Coronavirus | Calamity in the capital

The COVID-19 wave in New Delhi has led to a spike in cases and deaths and put the healthcare system under severe strain. Nikhil M. Babu, Hemani Bhandari and Jatin Anand report on the negligence of the Central and Delhi governments which has led to a mad scramble for beds, oxygen, and space in cremation grounds

May 01, 2021 12:15 am | Updated November 30, 2021 06:44 pm IST

COVID-19 victims being cremated in Ghazipur in New Delhi.

COVID-19 victims being cremated in Ghazipur in New Delhi.

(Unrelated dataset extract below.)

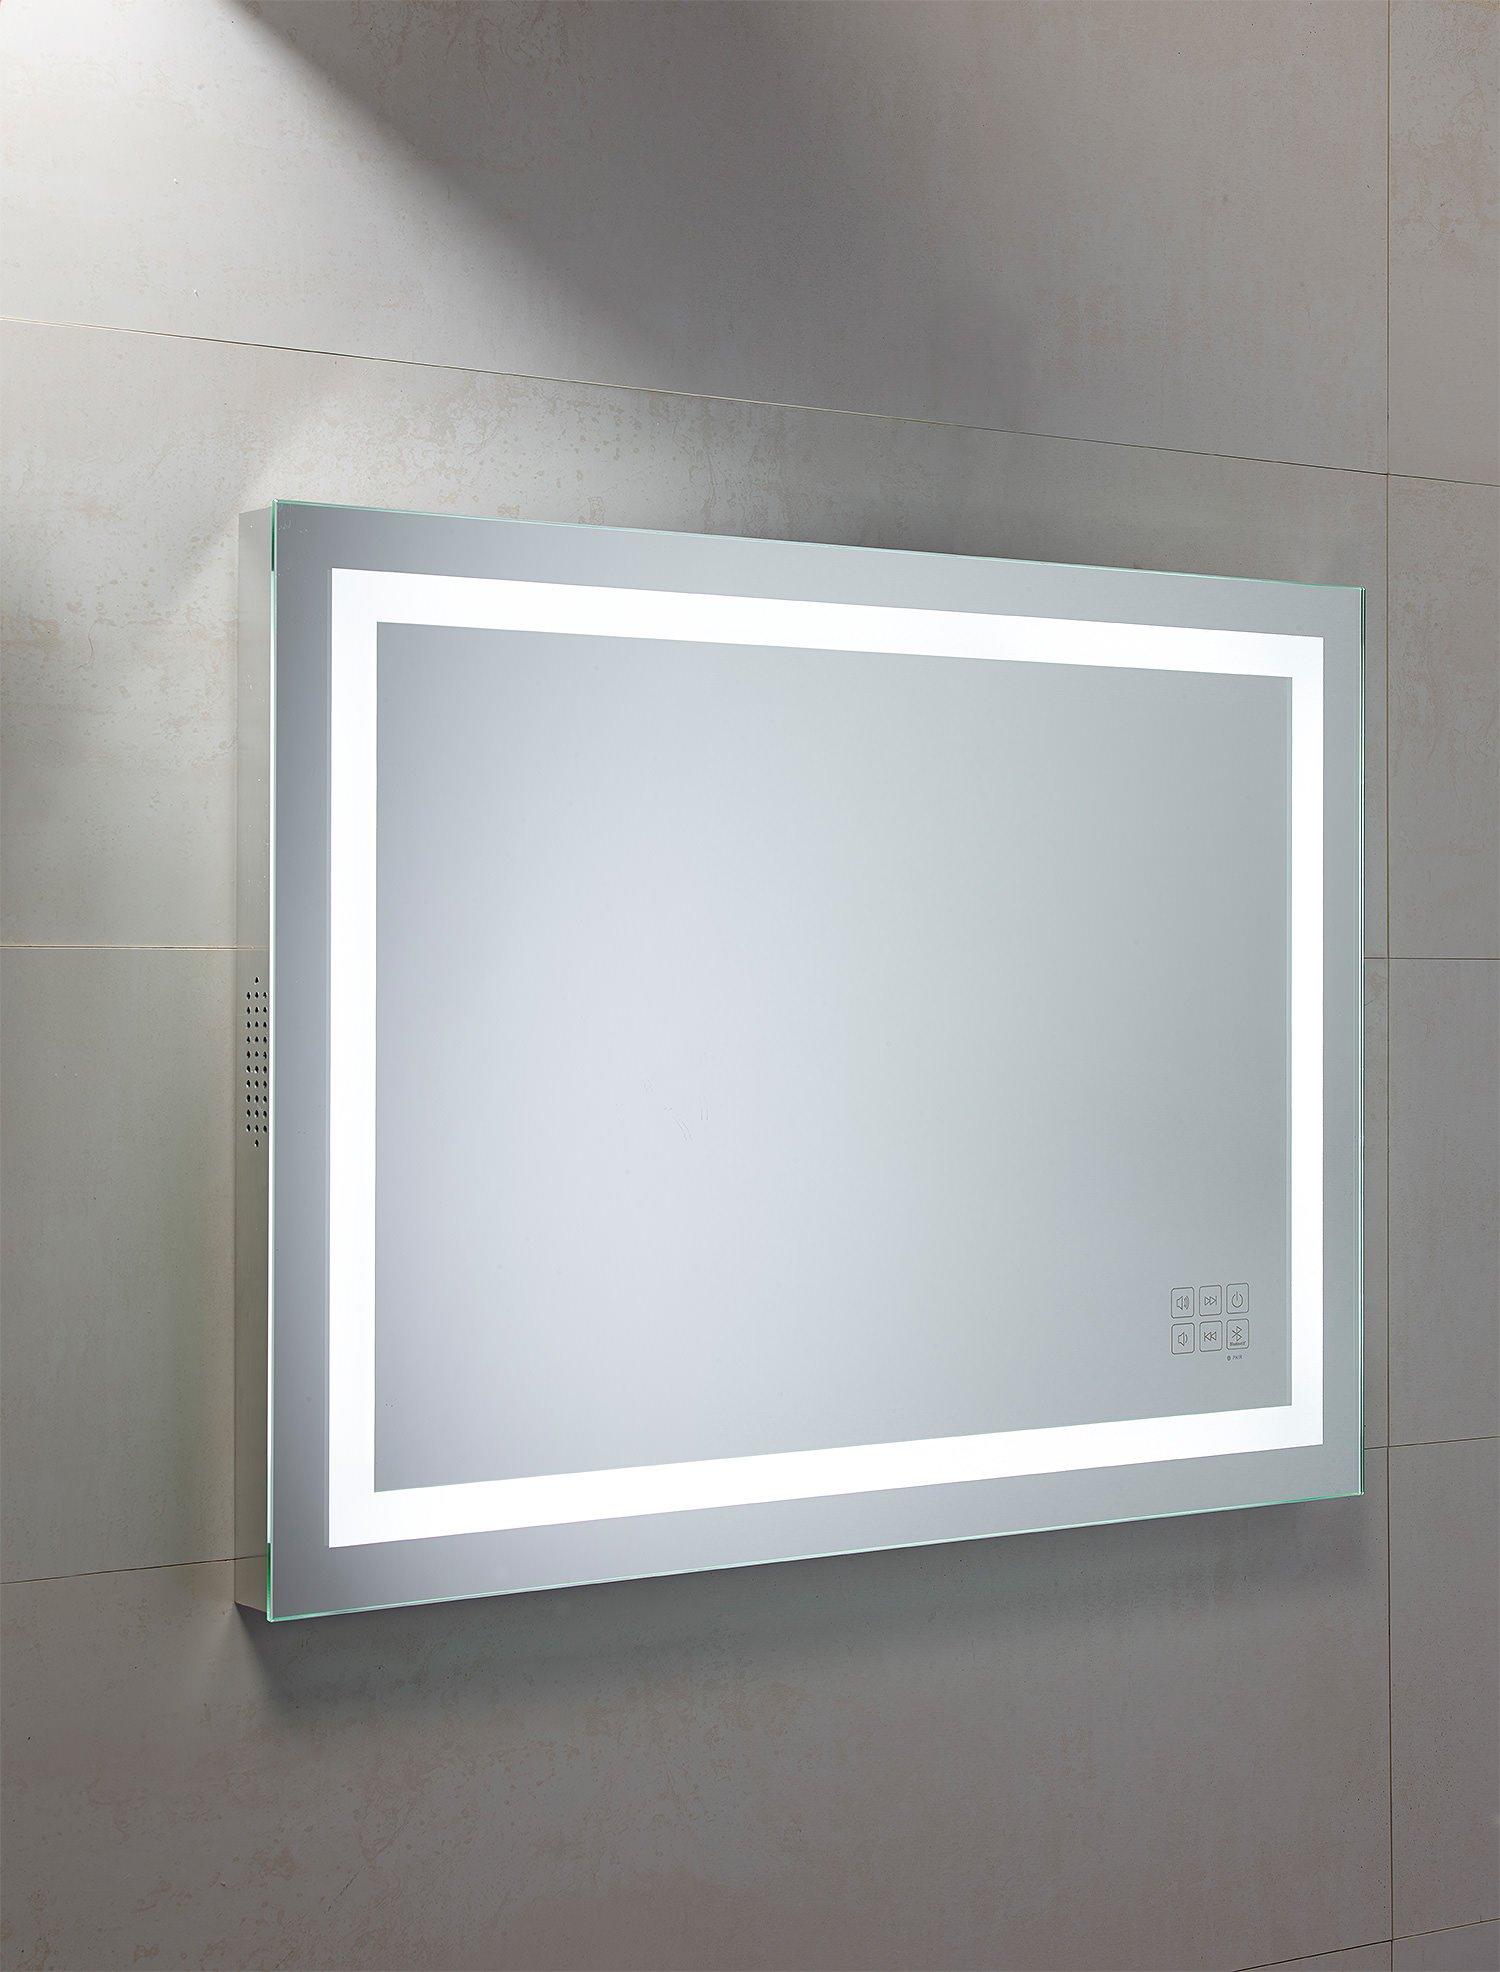 Roper rhodes beat 800mm illuminated bluetooth mirror for Illuminated mirrors

At 3 p.m. on April 24, a woman walks out of the main building of Jaipur Golden Hospital, Delhi, her eyes red from crying. She is in her thirties. Three family members have their arms around her. The woman is silent and keeps her head down. Her relative, though, snaps out of her shock and cries, “He has been murdered!” The woman crosses the hospital gate, sits on the pavement and starts wailing. Her 37-year-old husband, Dinesh, a cabin crew member in an airline, was among the 20 critically ill COVID-19 patients at the hospital who had died the previous night over an “oxygen crisis”, according to the hospital authorities.

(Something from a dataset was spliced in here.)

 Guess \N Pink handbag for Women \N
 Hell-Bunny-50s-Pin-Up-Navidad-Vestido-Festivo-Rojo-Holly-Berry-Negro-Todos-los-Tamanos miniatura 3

“These people killed him. They didn’t give him oxygen. They didn’t tell us anything about an oxygen shortage,” says a family member. The woman has two children aged three and five years.

 

It is a summer of fear and grief in the national capital. This wave of the COVID-19 pandemic has hit Delhi with tremendous force. The number of daily new cases and deaths is as high as 28,000 and 300, respectively, every day. There is sickness in the air and death too. The health system is being stretched to its limits, often cracking under the burden of cases. Many people with symptoms of COVID-19 are lining up outside testing centres as early as 4 a.m. Every day, the sick travel to about five-six hospitals in search of a bed. Many of them die outside hospitals just waiting for admission. Inside the hospitals, apart from deaths due to the infection and related complications, some lives have been lost due to oxygen shortages. The queues are long outside hospitals and they are long outside cremation grounds too. Pyres burn through the night.

Letting down its guard

How did it come to this? The Delhi government says the disaster is due to an unexpected spike in cases due to the spread of a variant of the virus, but medical experts say the government let its guard down too early. Believing that the worst was behind us, the government did not increase beds or build capacity at oxygen plants, they say.

“Not just Delhi, but nationally too the assumption was that there won’t be a second wave. Many experts in Delhi had announced on TV that we have achieved herd immunity and the pandemic has ended,” says Dr. K. Srinath Reddy, epidemiologist and president of the Public Health Foundation of India. He says people gave up social distancing and stopped wearing masks properly.

 

The picture was different just a few months ago. January 27 was a good day for the Delhi government. The number of new COVID-19 cases had dropped to 96, the lowest in nine months in the capital. On February 16, it dropped to 94. Delhi Health Minister Satyendar Jain took note of it. “I feel now that all the three waves of the coronavirus have hit the city. It’ll die down eventually. Now it is no more a pandemic but an endemic. The infection will not be eradicated much like other diseases, but the surge is on the wane. I hope we won’t see 8,600 cases a day. I feel we are out of the danger zone but we still need to take proper precautions. Masks and social distancing need to be maintained,” he said in a statement on February 19.

A few days later, on February 24, the number of new cases hit 200. Despite this, that month, Delhi Chief Minister Arvind Kejriwal addressed crowded election rallies for by-elections to five seats in municipal corporations. There was no social distancing at these rallies and several did not wear masks.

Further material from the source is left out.